According to Scottish First Minister Nicola Sturgeon, an injustice is an injustice and the wholesale slaughter of those accused of witchcraft centuries ago should be acknowledged. Moreover, the deep misogyny that motivated it has not disappeared. So recently the Minister formally apologized to all witches, on behalf of the Scottish government.


"While in Scotland the witchcraft law may have been consigned to the past long ago, the deep misogyny that motivated it was not [and] we still live with that," explains Sturgeon.



In medieval Scotland, women were the ones most often accused of witchcraft. Today, the idea that it would be a crime to practice such rituals may seem ludicrous. But historically, most European cultures, and American as well, have feared witches, seeing them as servants of Satan who were believed to use sorcery to torment their neighbors, sicken livestock, or kill infants.


In fact, a person could be accused of sorcery for having red hair, a wart, walking past a neighbor’s pasture two days before his cow dropped dead, not attending church, or even stumbling over the words of the Lord’s Prayer.


The 1563 Witchcraft dictated that the practice of witchcraft and consulting with witches were capital offenses. Though the last execution took place in 1727, this act remained a part of Scottish law until 1736. An estimated 4,000 Scots, most of whom were women, were accused of breaking the Witchcraft Act over this time and an estimated 2,500 people executed for witchcraft, five times the European average of executions per capita.
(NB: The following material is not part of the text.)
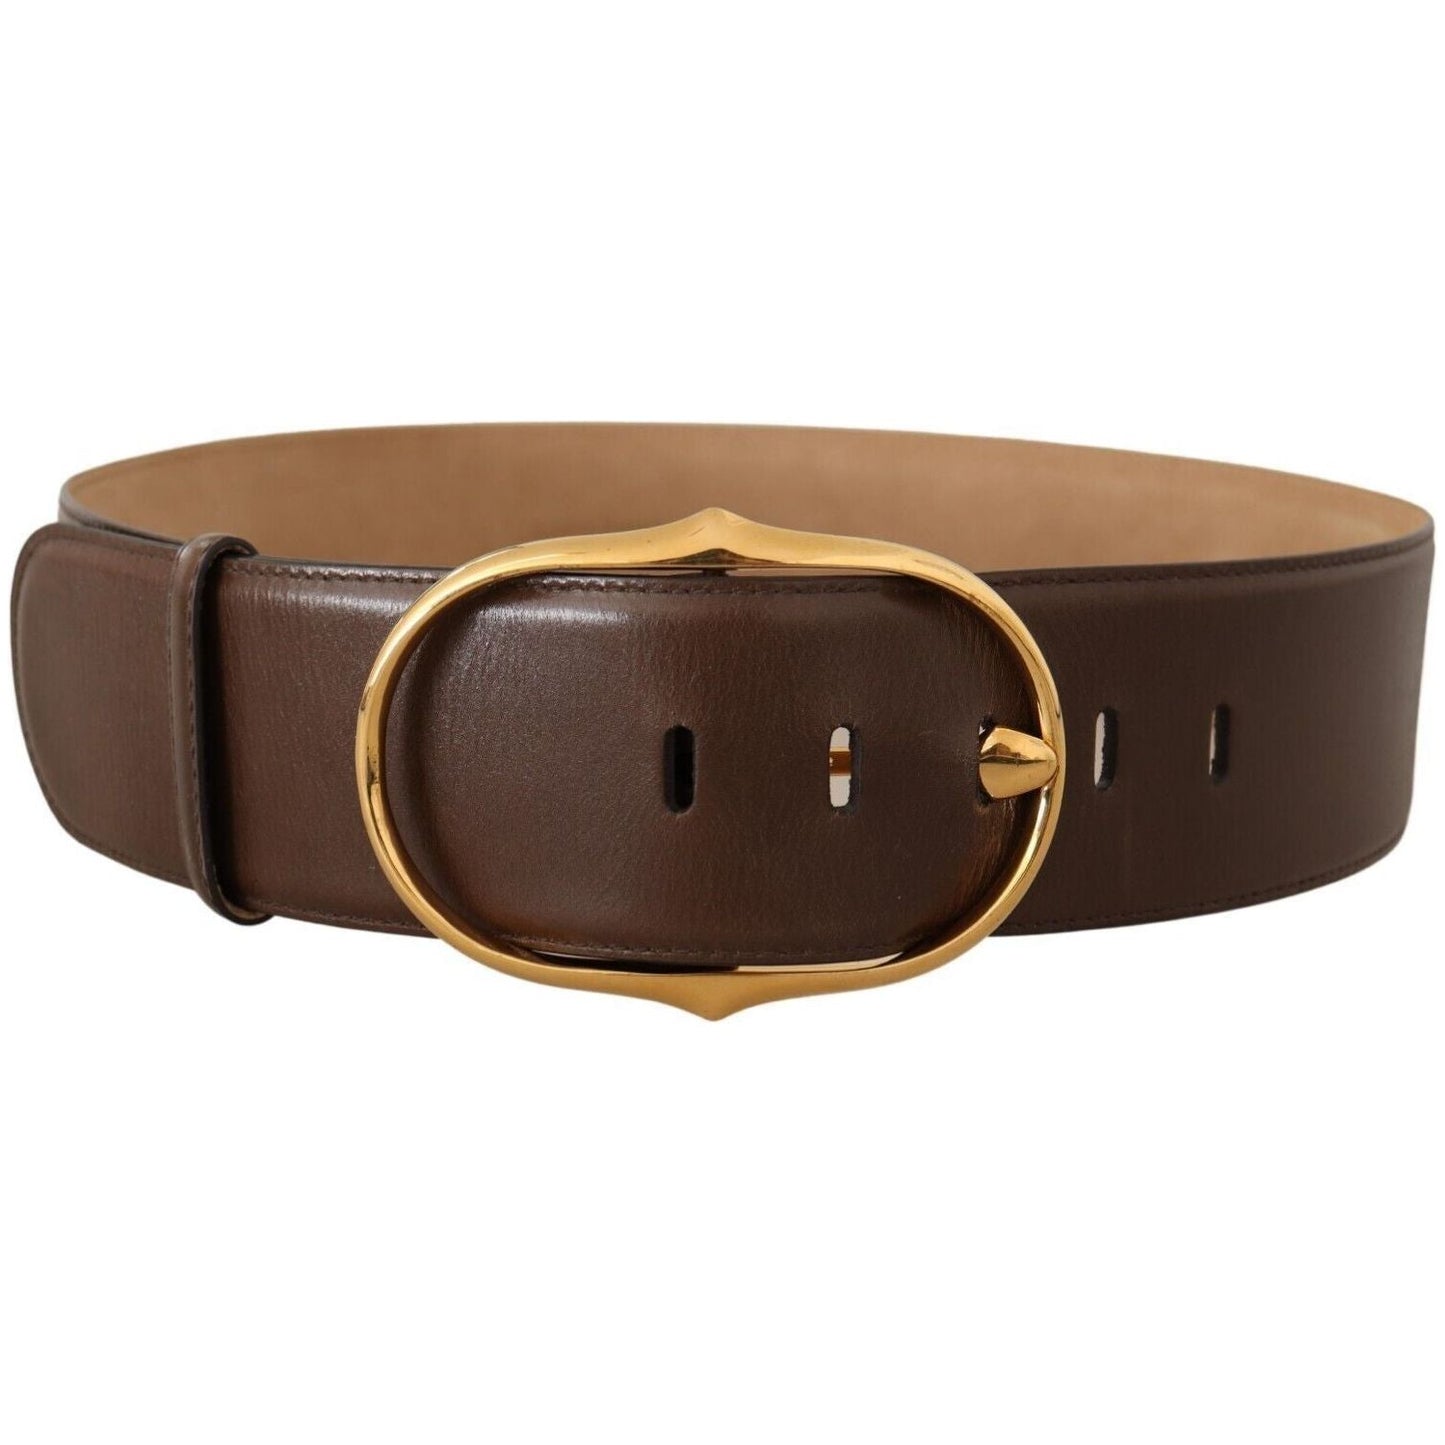 Dolce & Gabbana Elegant Brown Leather Belt with Gold Buckle brown-leather-gold-metal-oval-buckle-belt-7 s-l1600-294-11d16fa6-fb7.jpg

Although there are a few small memorials around Scotland that remember those convicted of witchcraft, such as the photo shown here of a fountain that was erected in Edinburgh to commemorate those executed for witchcraft in the city, they don’t actually apologize for unfairly killing them. However, there are growing calls by women’s organizations for a national monument to be erected to memorialize those so unfairly brutalized and tortured.


Following the first minister's remarks, the Scottish parliament is now deciding whether to pass legislation pardoning those convicted of witchcraft.